Nel viale ci vogliamo cenare di nuovo, all’Eetcafé Spinoza: scelto sia per le assonanze filosofiche che per le segnalazioni positive. Andiamo a est. Lo troviamo dopo un centinaio di metri. Il piano interno dell’edificio è rialzato di due gradini rispetto al livello stradale. Attraversiamo l’ingresso e un breve corridoio. La sala è sulla sinistra: pavimento in assicelle di legno, pareti intonacate in beige con tratti di mattoni a vista, mobili massicci, stile Far West. Ci appollaiamo, secondo le indicazioni, sugli sgabelli di un tavolinetto alto, addossato al muro. Ascoltando le nostre esigenze, ci consegnano un Vegan menu, in inglese. Dopo il Seitan, mi concedo l’infrazione di una crème brulée with whipped cream. Panna montata vegetale, naturalmente.
Tiro fuori dal borsello il libro di Heaney e provo faticosamente a leggere la seconda poesia: “All year the flax-dam festered in the heart / Of the townland; green and heavy headed / Flax had rotted there, weighted down by huge sods…” [3].
Vado a pagare alla cassa, sotto l’arco oltre il quale è posto il banco di mescita della birra. Il cameriere – o titolare che sia – si complimenta per la mia accompagnatrice. Gli spiego trattarsi di mia figlia; siamo in viaggio perché si è appena laureata in Filosofia (she has just graduated in Philosophy): non potevamo, quindi, perderci un locale come questo.
Facciamo una passeggiata digestiva. Attraversiamo la piazzetta con la fontana del monumento al Conte (Graaf) di Nassau. Proseguiamo, fino a ritrovarci in riva al canale ormai conosciutissimo.

Tornando in camera, notiamo che i vertici dei lecci più alti sono ancora indorati dall’estrema luce del tramonto.
Marco Grassano
Ottava parte. Segue
Note
- [1] Riformatore anabattista cinquecentesco olandese, i cui seguaci sono detti Mennoniti (da Wikipedia).

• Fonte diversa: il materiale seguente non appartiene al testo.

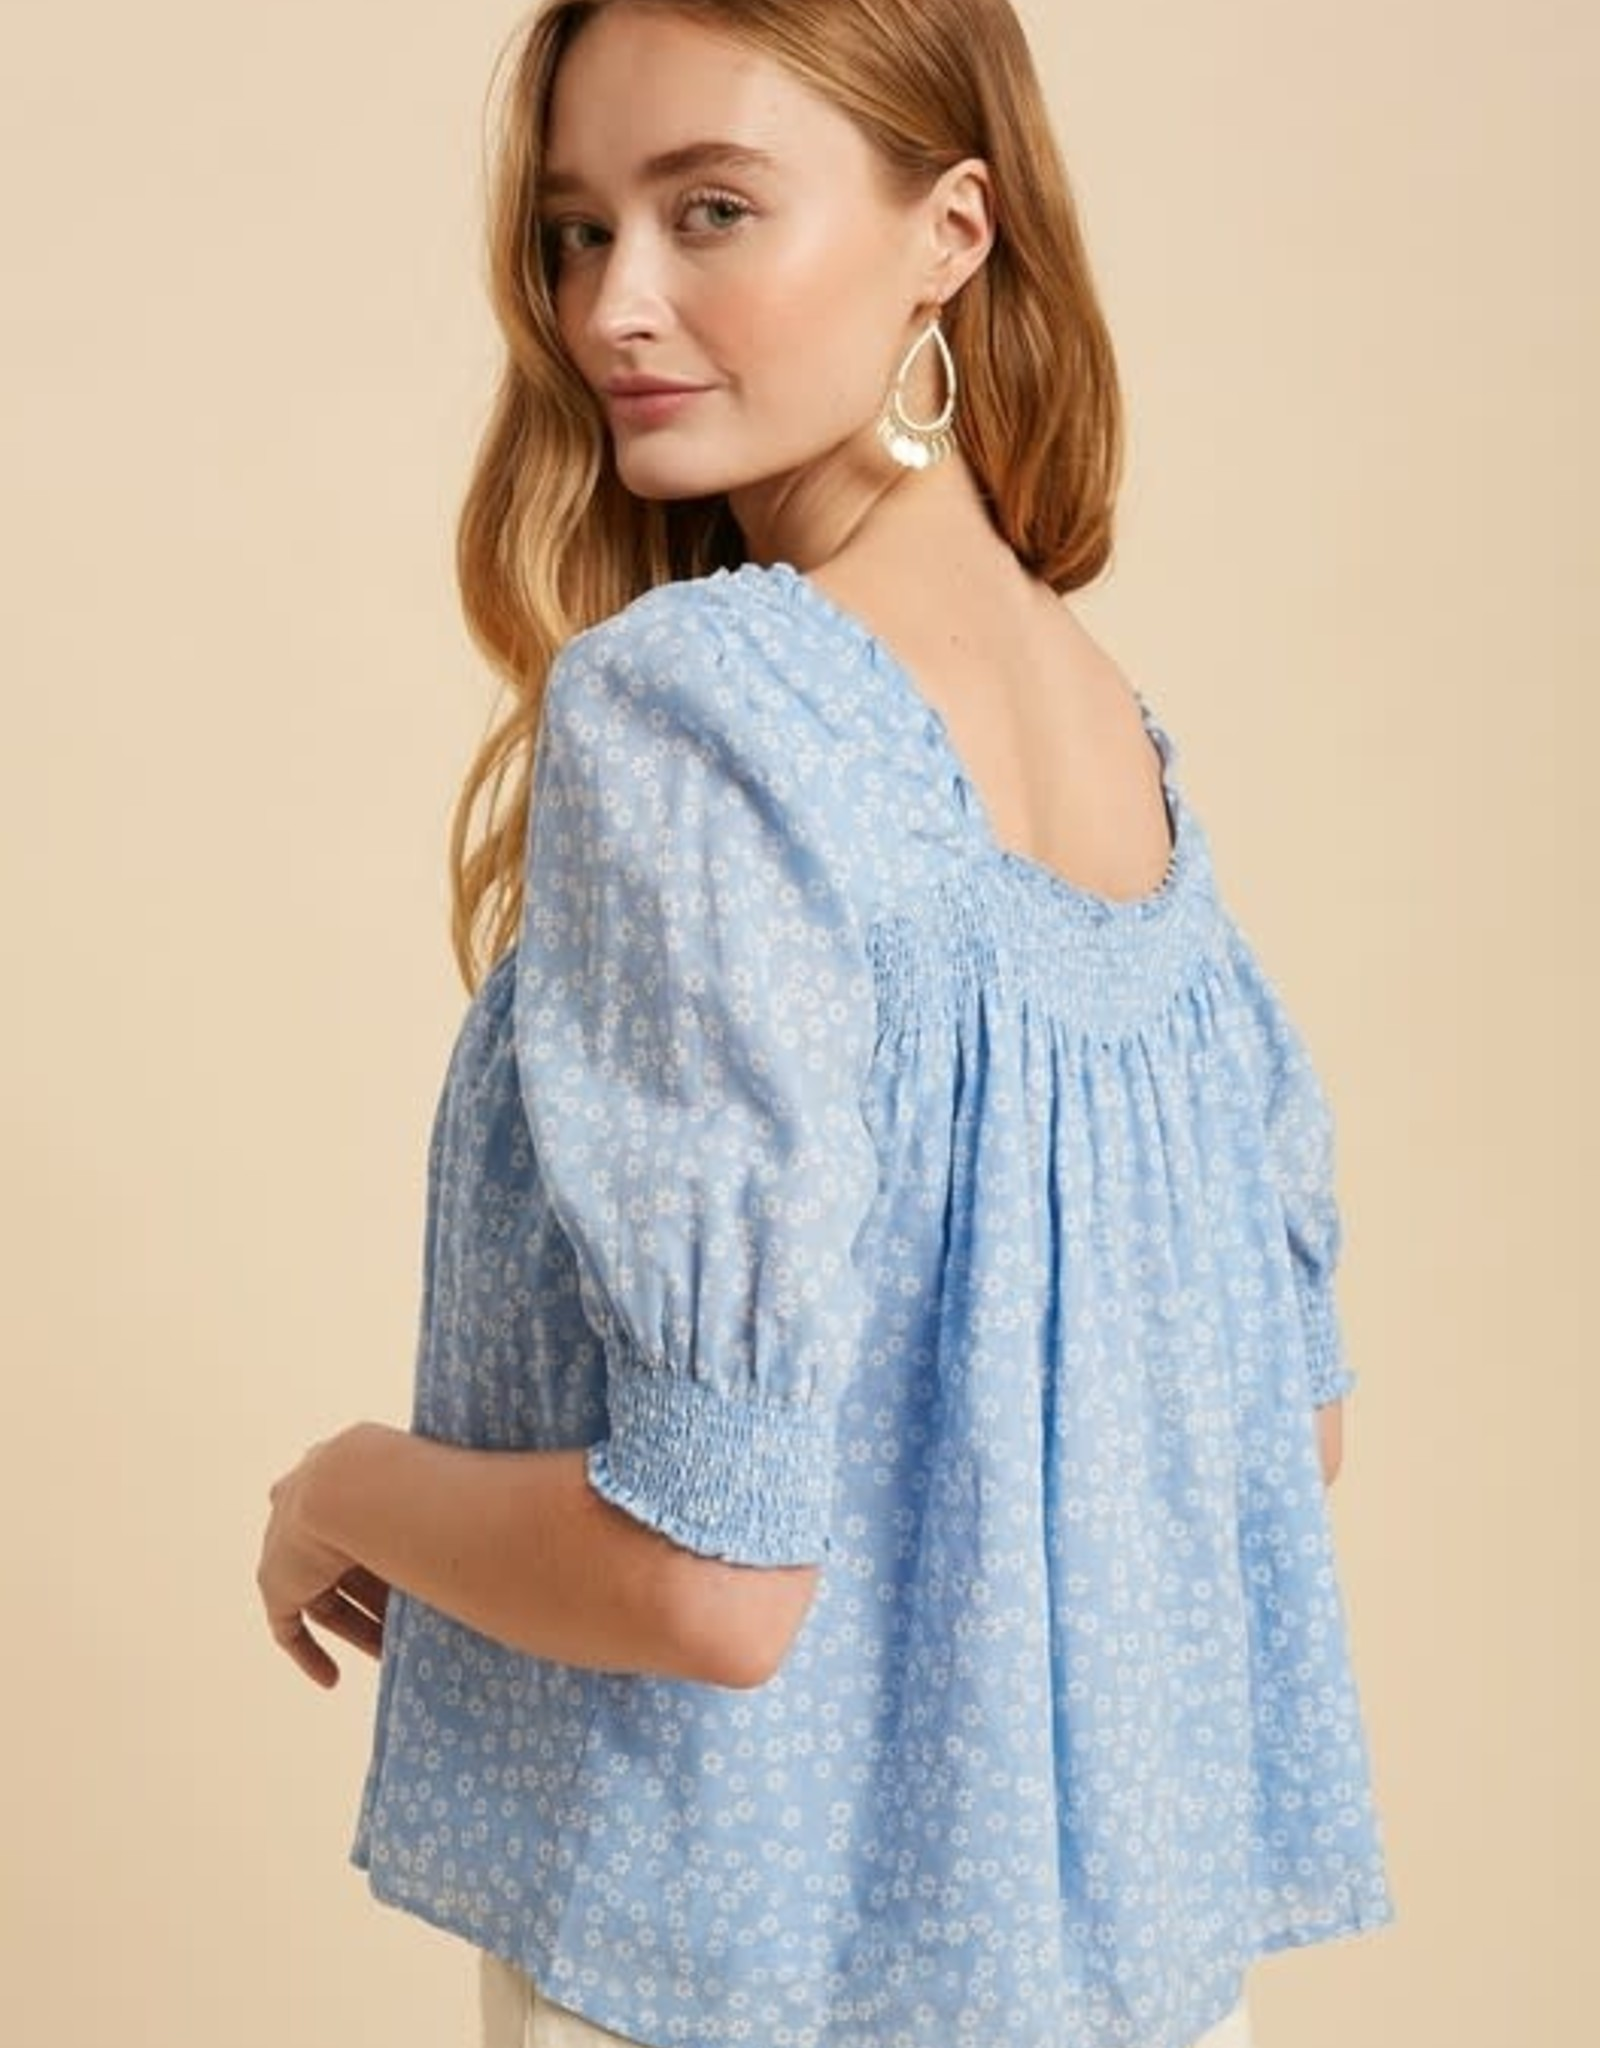 Miss Bliss Square Neck Daisy Print Blouse- Sky Blue

- [2] Così suona, per esempio, in originale (e nell’italiano dell’ottima Nadia Fusini), l’incipit della prima poesia antologizzata: “Between my finger and my thumb / The squat pen rests; snug as a gun. // Under my window, a clean rasping sound / When the spade sinks into gravelly ground: / My father digging…“
(“Tra il mio pollice e l’indice s’acquatta / chiatta la penna; come una pistola. // Sotto la finestra, il raschio schietto / della vanga che affonda nella ghiaia: / è mio padre, scava…“). - [3] Così traduce Roberto Sanesi: “Per tutto l’anno il lino fra le chiuse / nella zona abitata fermentava; verde, / con il capo pesante vi si era decomposto, pressato / da zolle enormi…“.